▶ _Problem to solve_:
Transcription, pictures excluded: write out the data below exactly.

▶ _Information shown_:

---*---

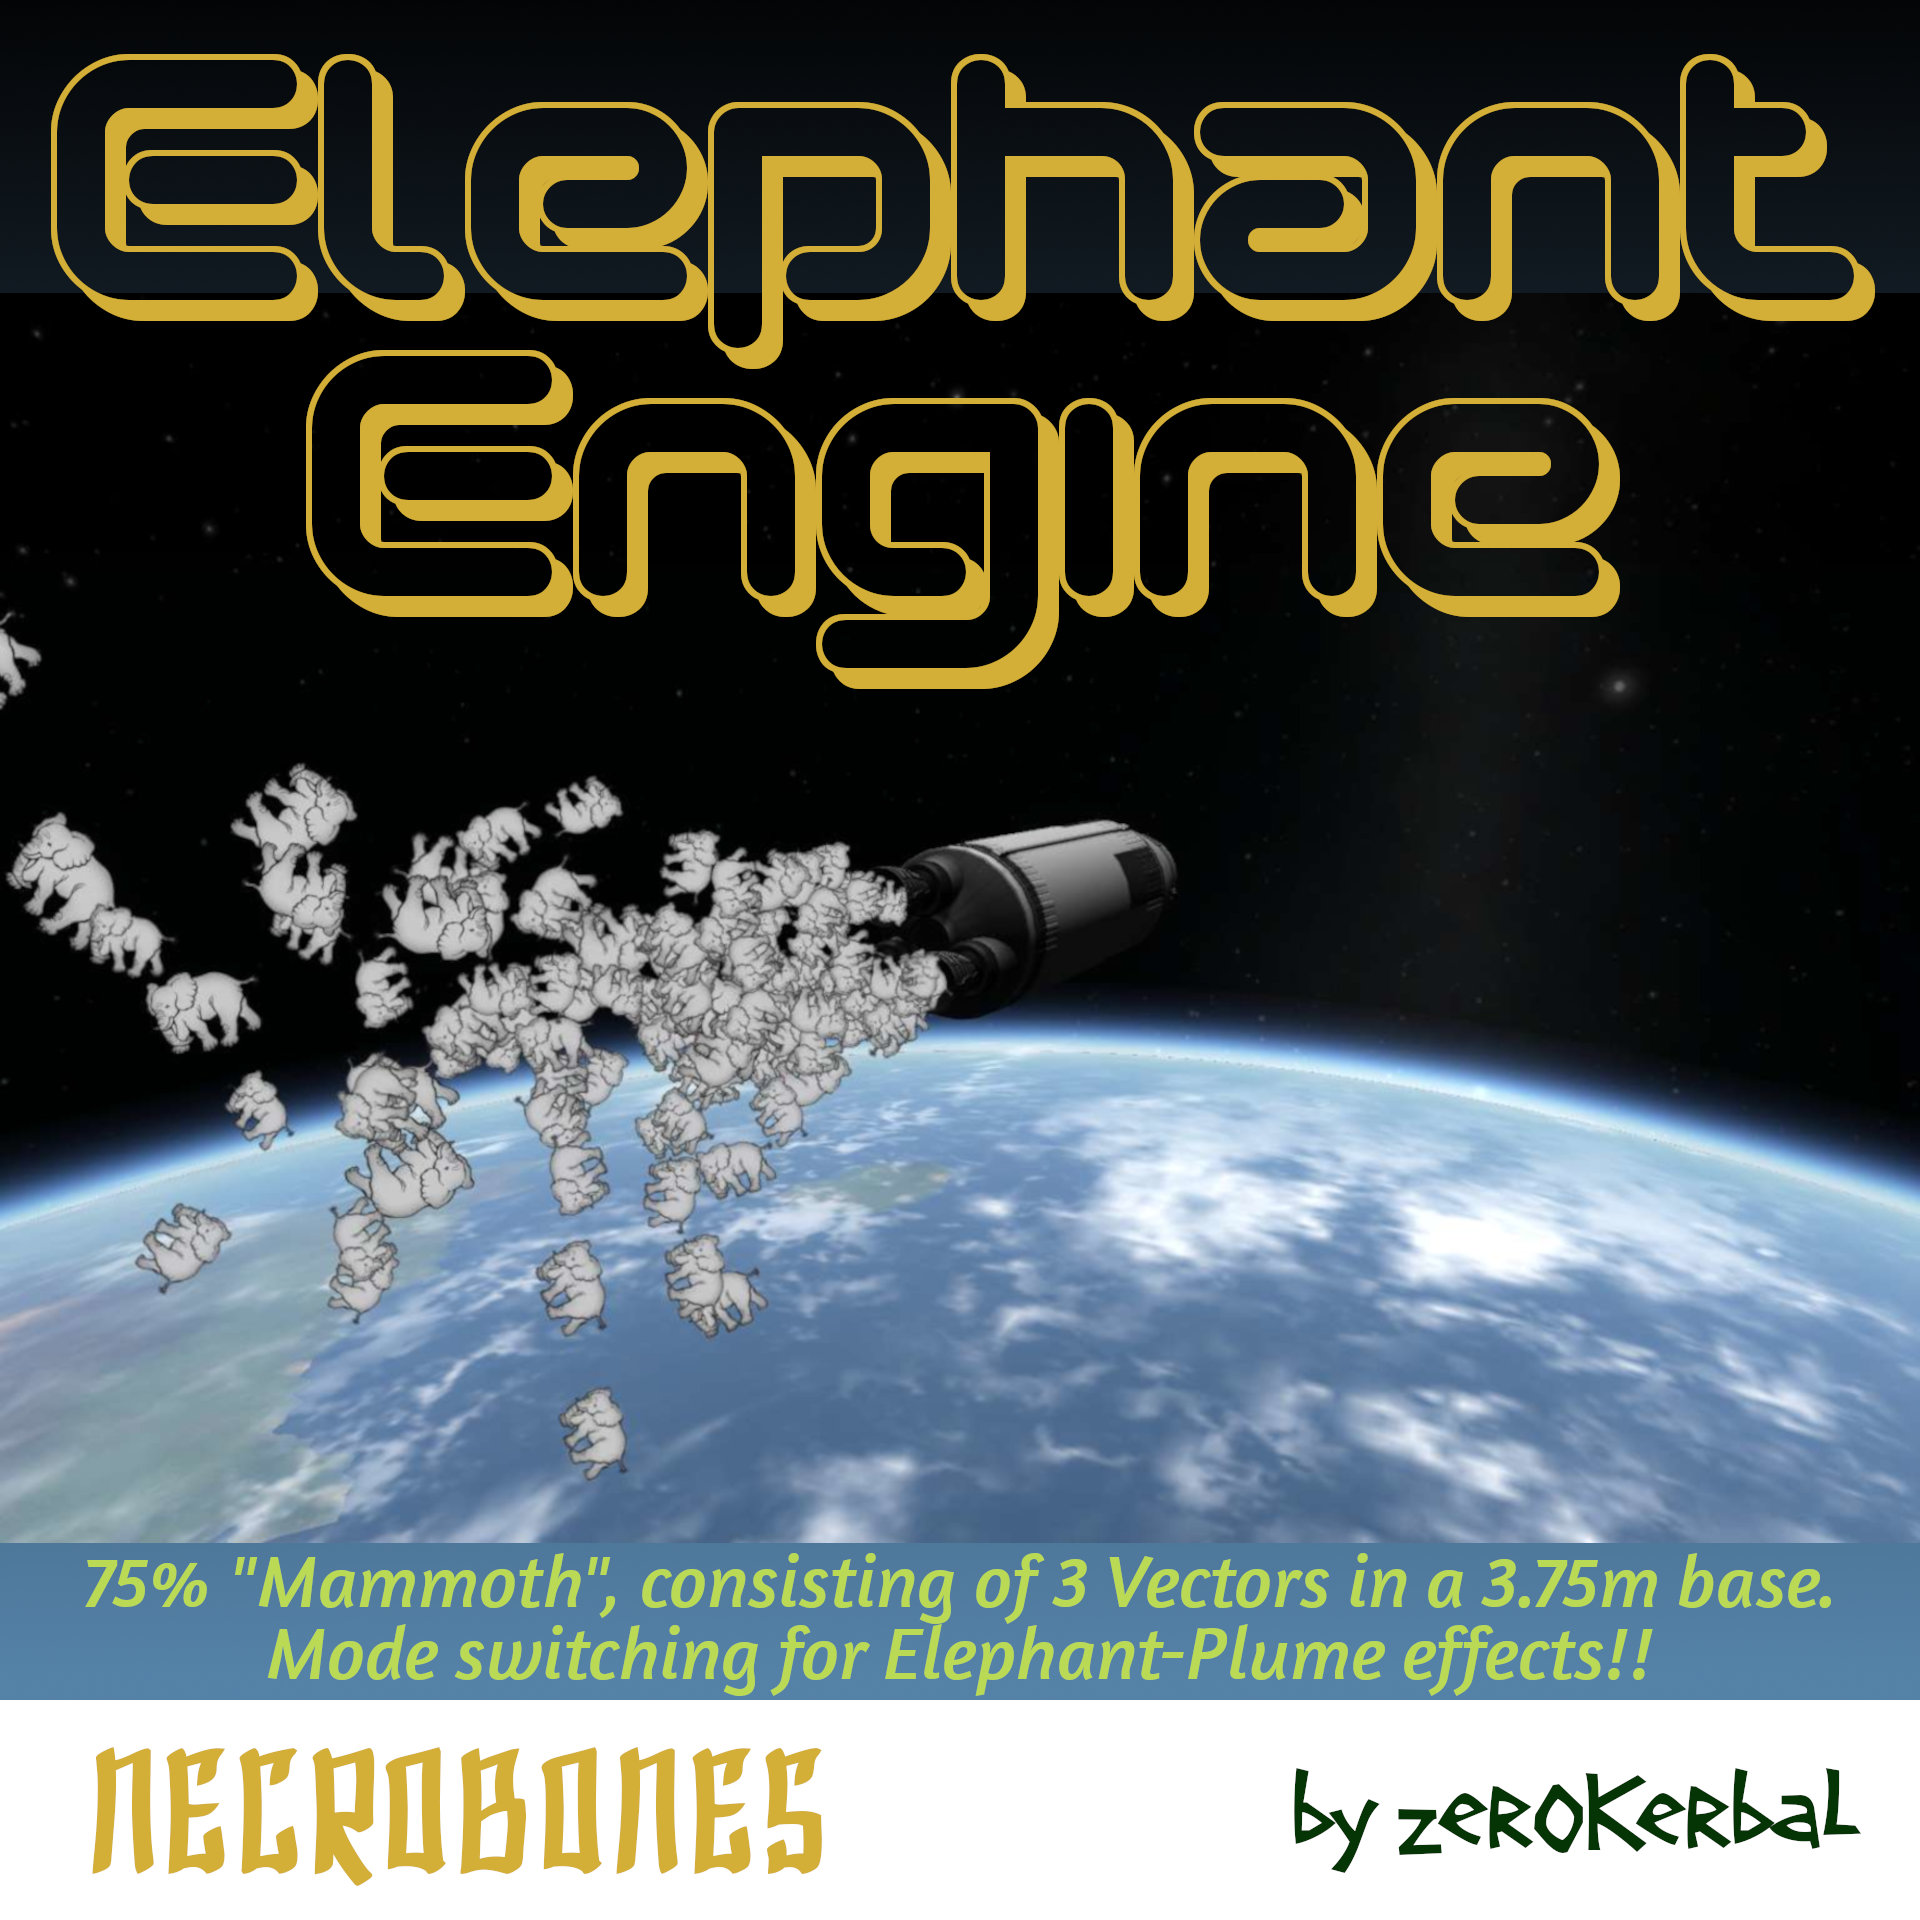 The Elephant Engine
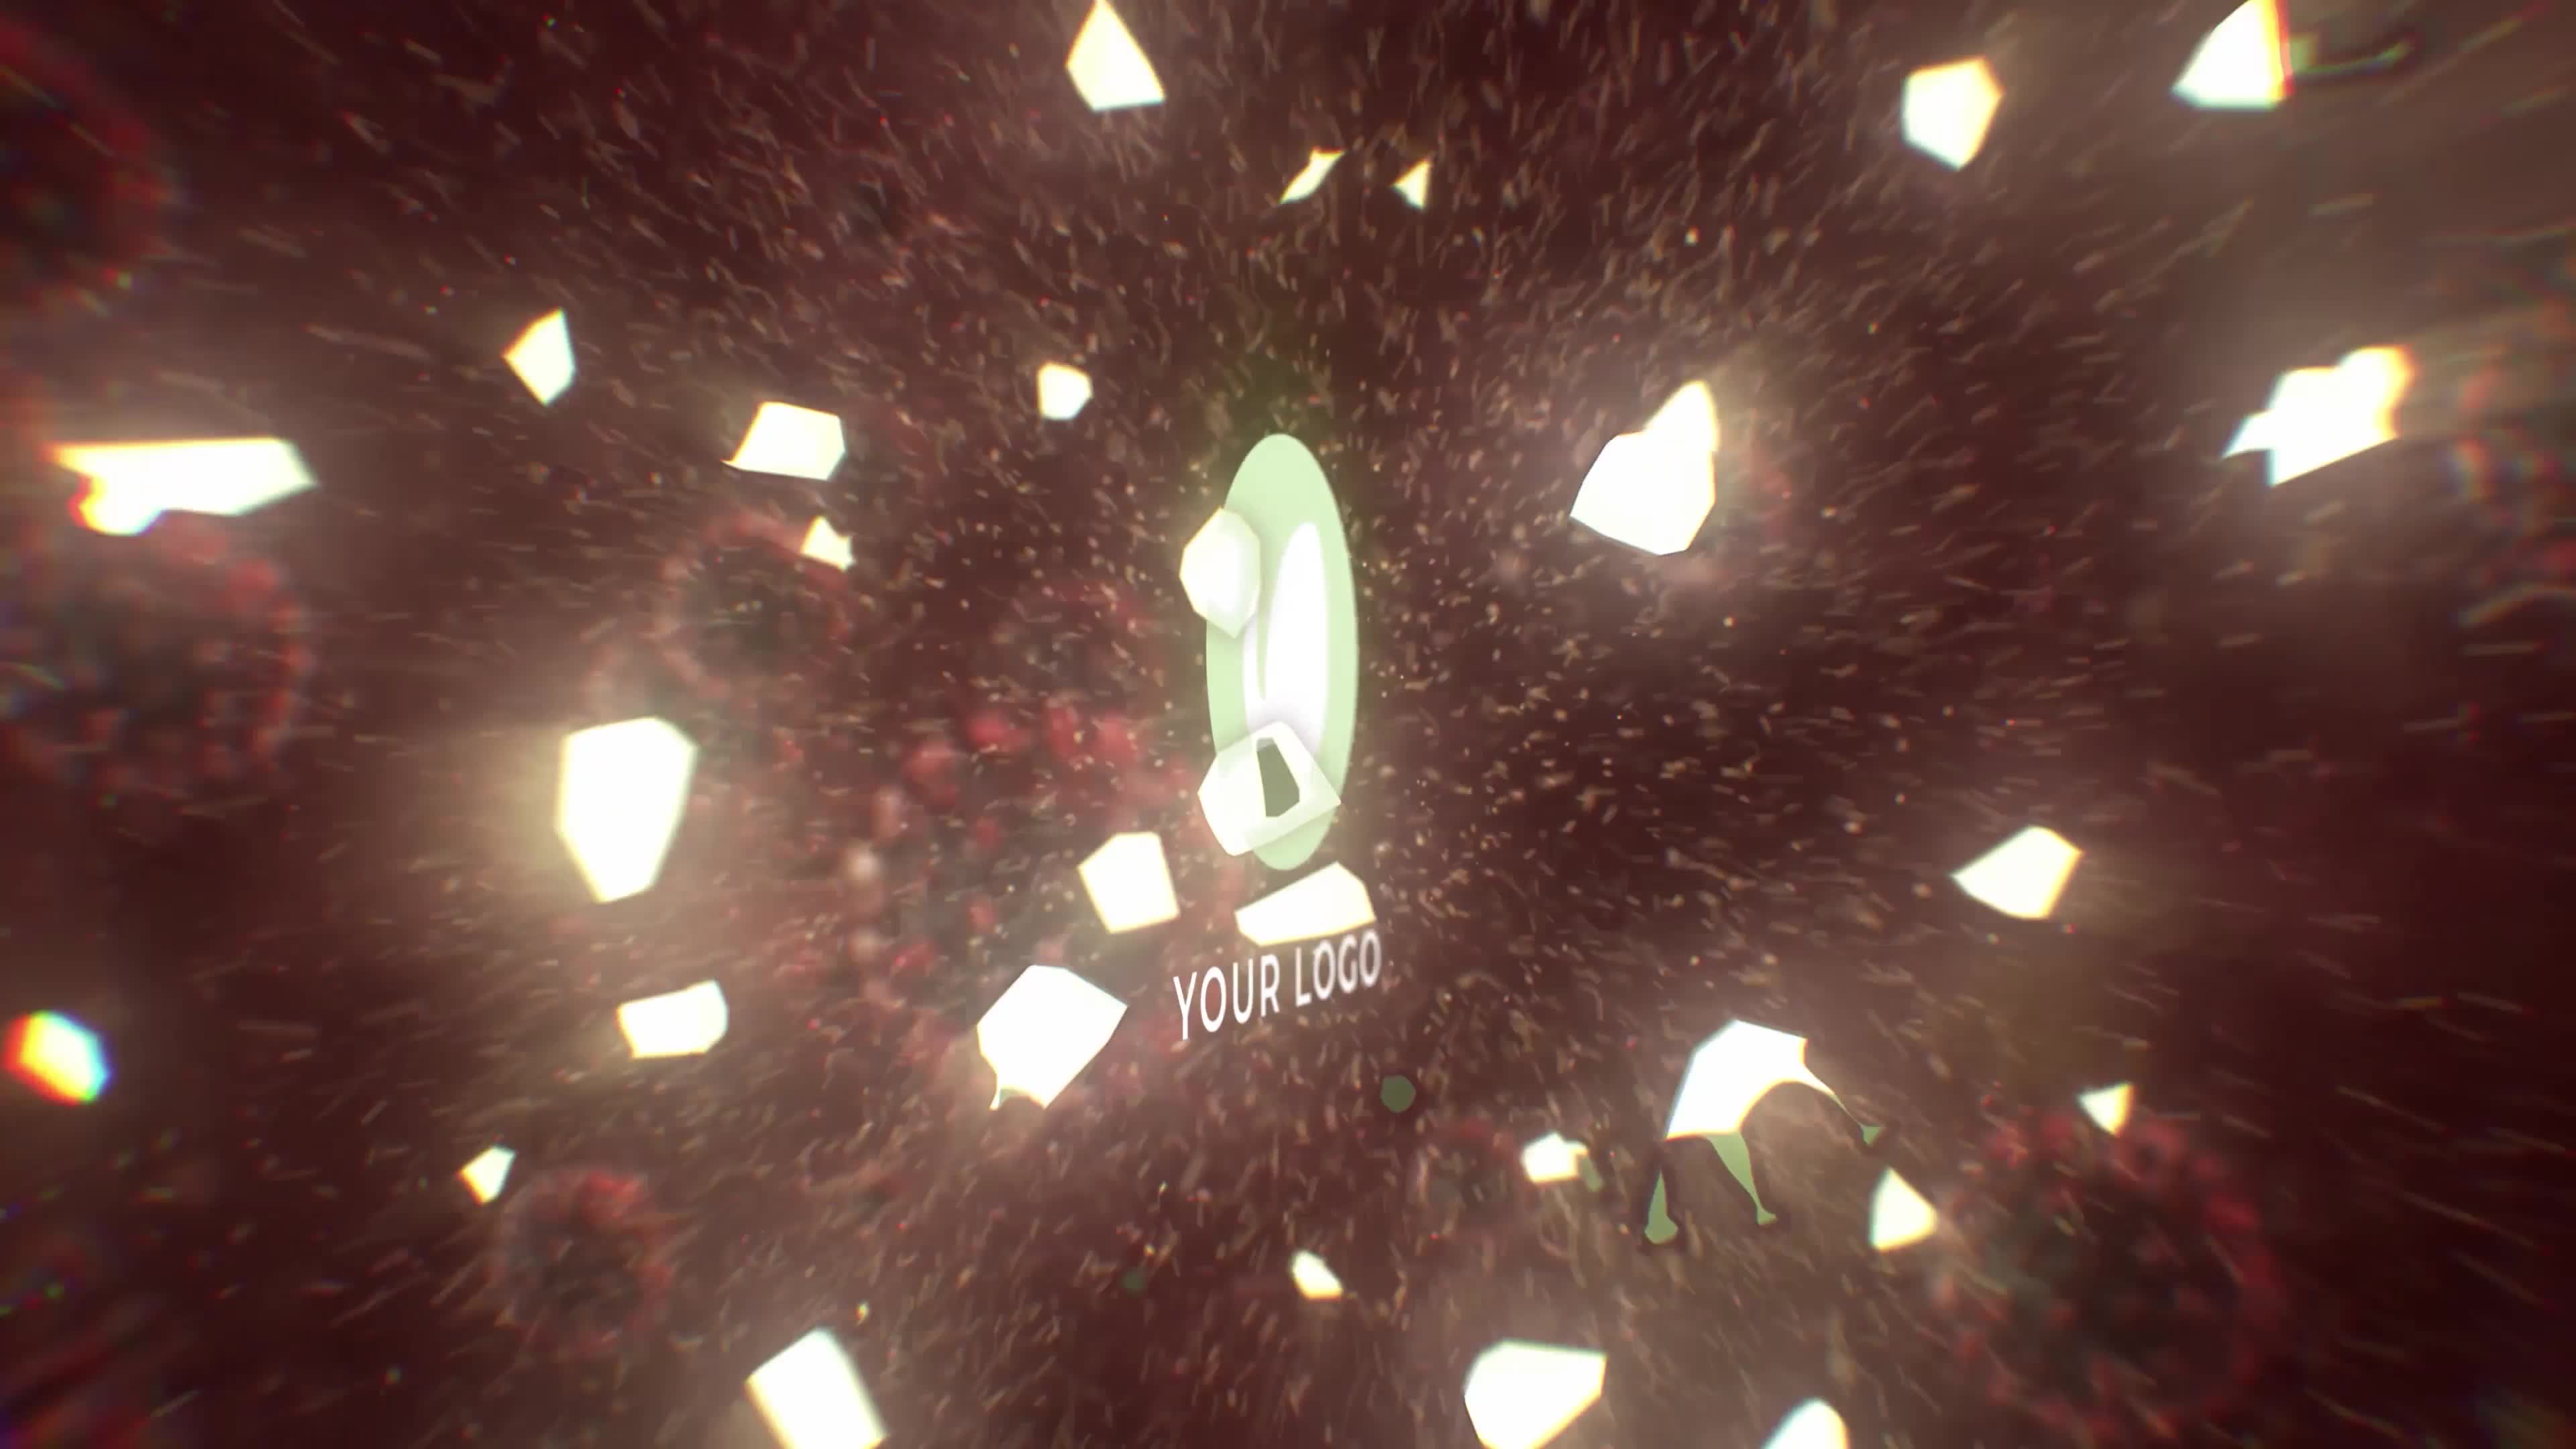 Virus Destruction Logo Reveal Videohive 26328449 Premiere Pro Image 6
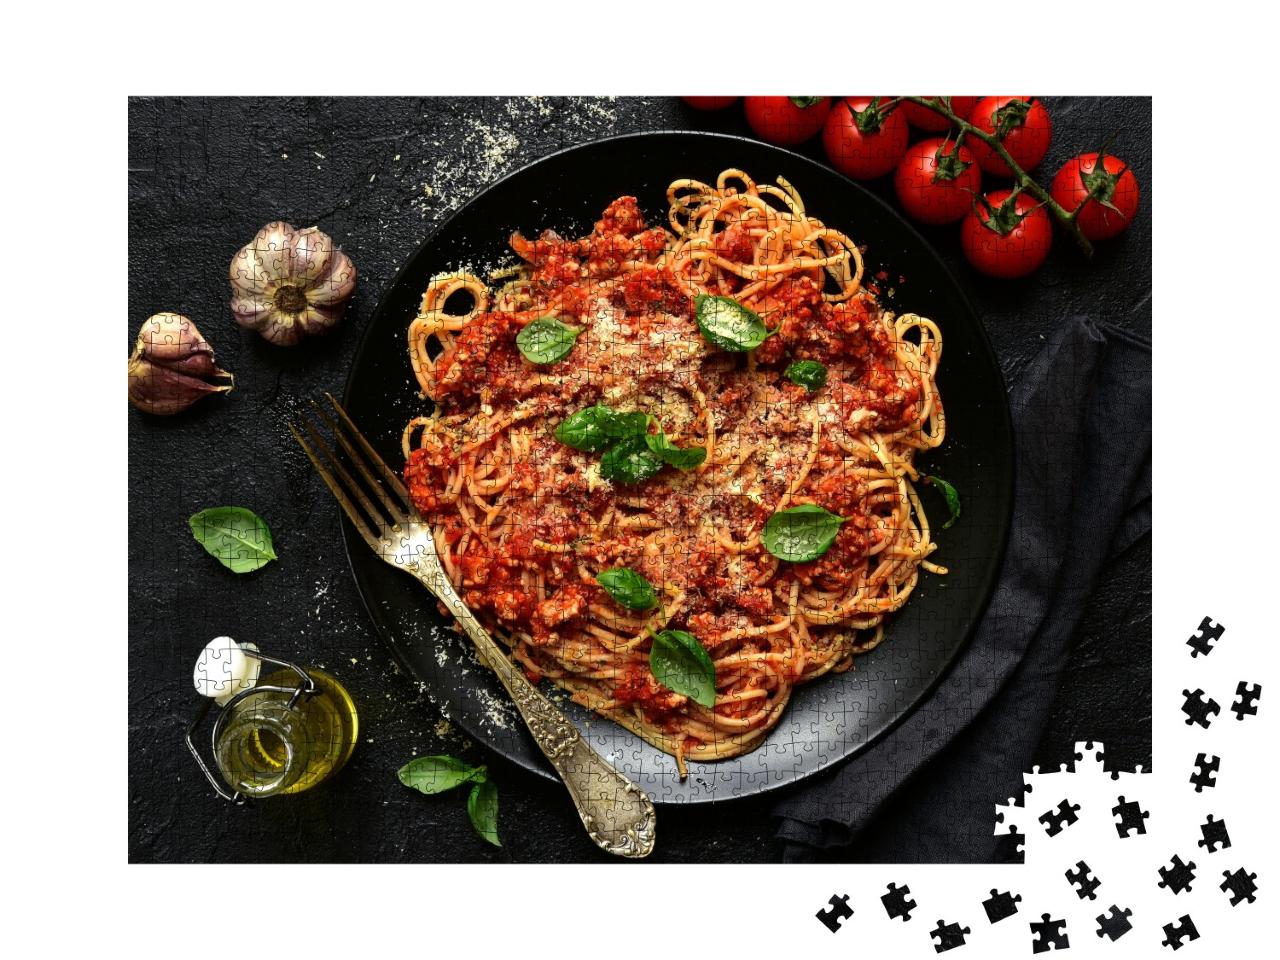 Puzzle de 1000 pièces « Spaghetti bolognaise italienne traditionnelle »

---*---

▶ _Finished exercise_:
 The Elephant Engine
 Virus Destruction Logo Reveal Videohive 26328449 Premiere Pro Image 6
 Puzzle de 1000 pièces « Spaghetti bolognaise italienne traditionnelle »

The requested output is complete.